The company has a small staff of 200 employees to run three television channels and one on-demand online service. On average, TV3 spend about €10 million on internal productions which are generally for daytime viewers. It does not have a history of strong prime-time content; generally its home produced programmes consist of at least one independently produced programme, e.g. The Apprentice, a number of internal documentaries such as Ireland Undercover and a number of BCI licence fee-funded independent products such as School Run, Diary of... and Modern Ireland.

As of October 2009, TV3 claims to be the most watched television channel by people aged 15–24 years old. This group was previously captured by RTÉ One. This is an important group to capture as it is often these viewers whom advertisers wish to target. In reaction to this press release from TV3, RTÉ rebutted its claims stating that RTÉ One outdoes TV3 in far more demographic categories and that TV3's press release, "In terms of the selective audiences focussed upon by TV3 in their release, it's clear this is a recent phenomenon and only pertains to a narrow sub-demographic of young viewers in this country. By contrast, the year-to-date equivalent (1 January – 20 October), all day national share, sees RTÉ One with a 16.2% share of the 15-24s; TV3 with a 13.3% share."

===Budget===
In 2009 TV3 had revenues of €54,300,000. In the previous year (2008), TV3 received €62 million in advertising revenue. Increases in programme cost during 2008 included new sporting contracts with the GAA and UEFA, the first renewal of its contract with the British broadcaster ITV for shows such as The X Factor and Coronation Street, a small but significant increase in programmes commissioned from independent producers.
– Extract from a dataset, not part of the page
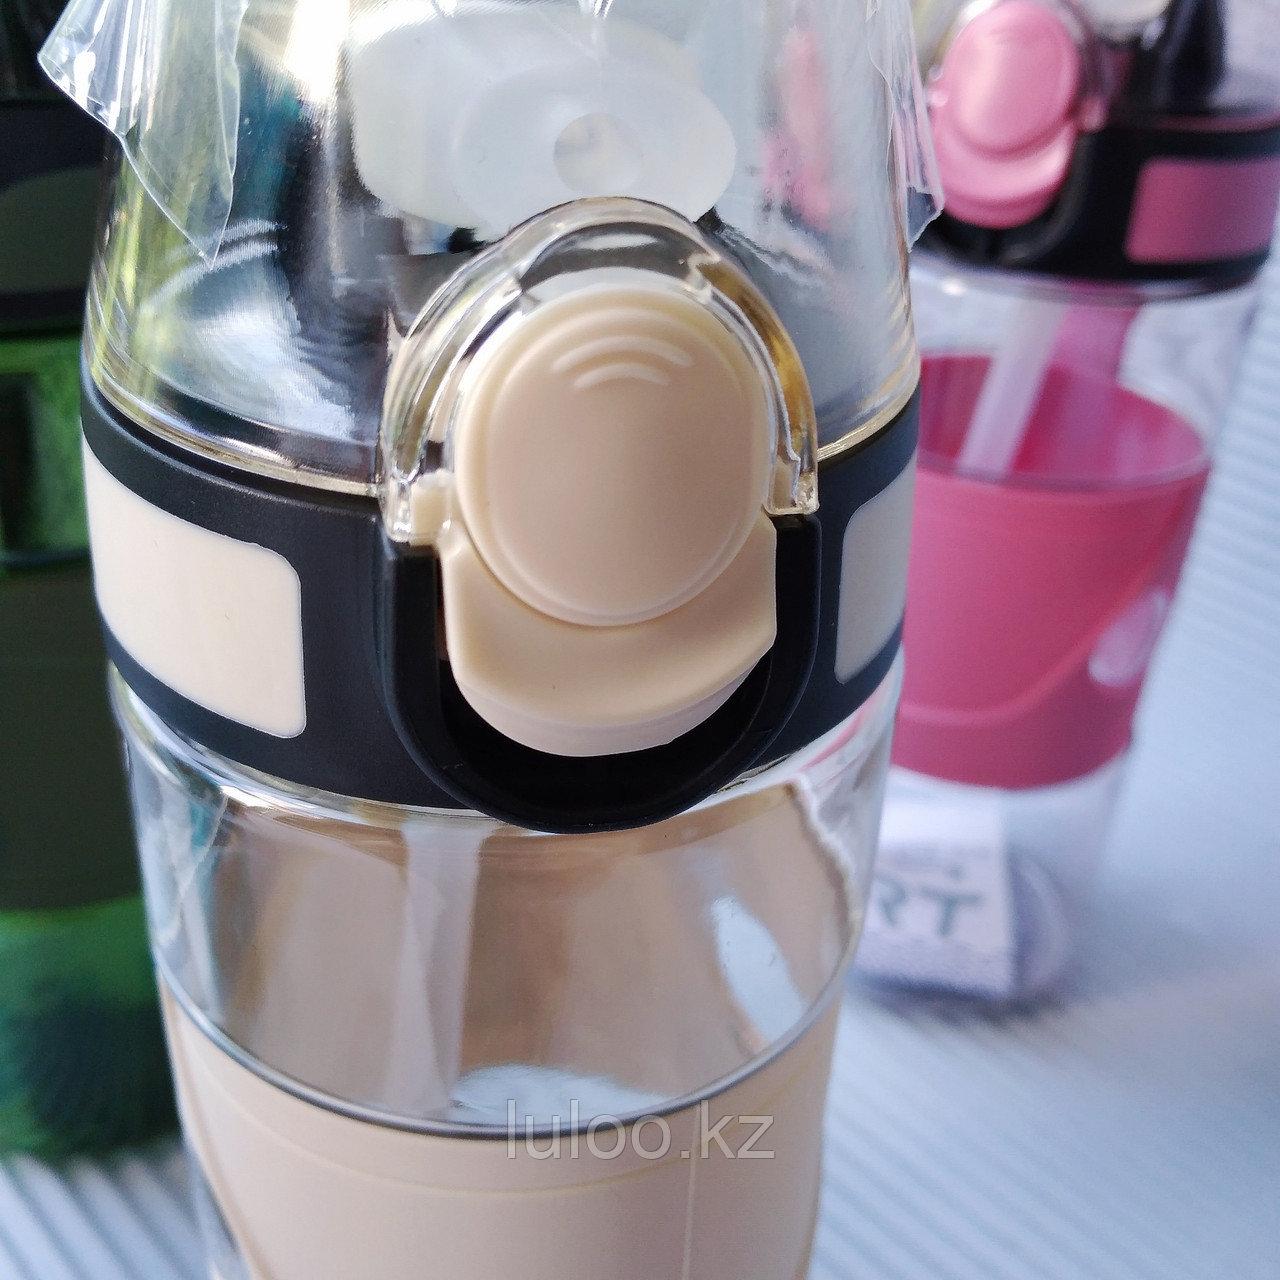 "Спортивная бутылка для воды ""Sport"", 500мл. - фото 7"

It also increased investment in online technology, with its online service earning a profit for the first time.

In 2008, TV3 received €3 million in funding from the licence fee for independent productions on the channel.

In 2009, two rounds of redundancies reduced TV3 staff to 213 people. Staff savings have been augmented by agreed reductions in wages. The 200 staff working in TV3 now provide seven hours of live television five days a week, an increase of two hours and a staff reduction of 50 since 2007.

In February 2012 the Irish Bank Resolution Corporation (IBRC) restructured TV3's outstanding loans to the bank. The owners of TV3, Doherty Hanson & Co., have loans of €140million with the bank. €51million continued to be repaid over the next 5 years, while €81.1 was frozen until a "liquidity event", according to the IBRC this is in the event of a sale of TV3.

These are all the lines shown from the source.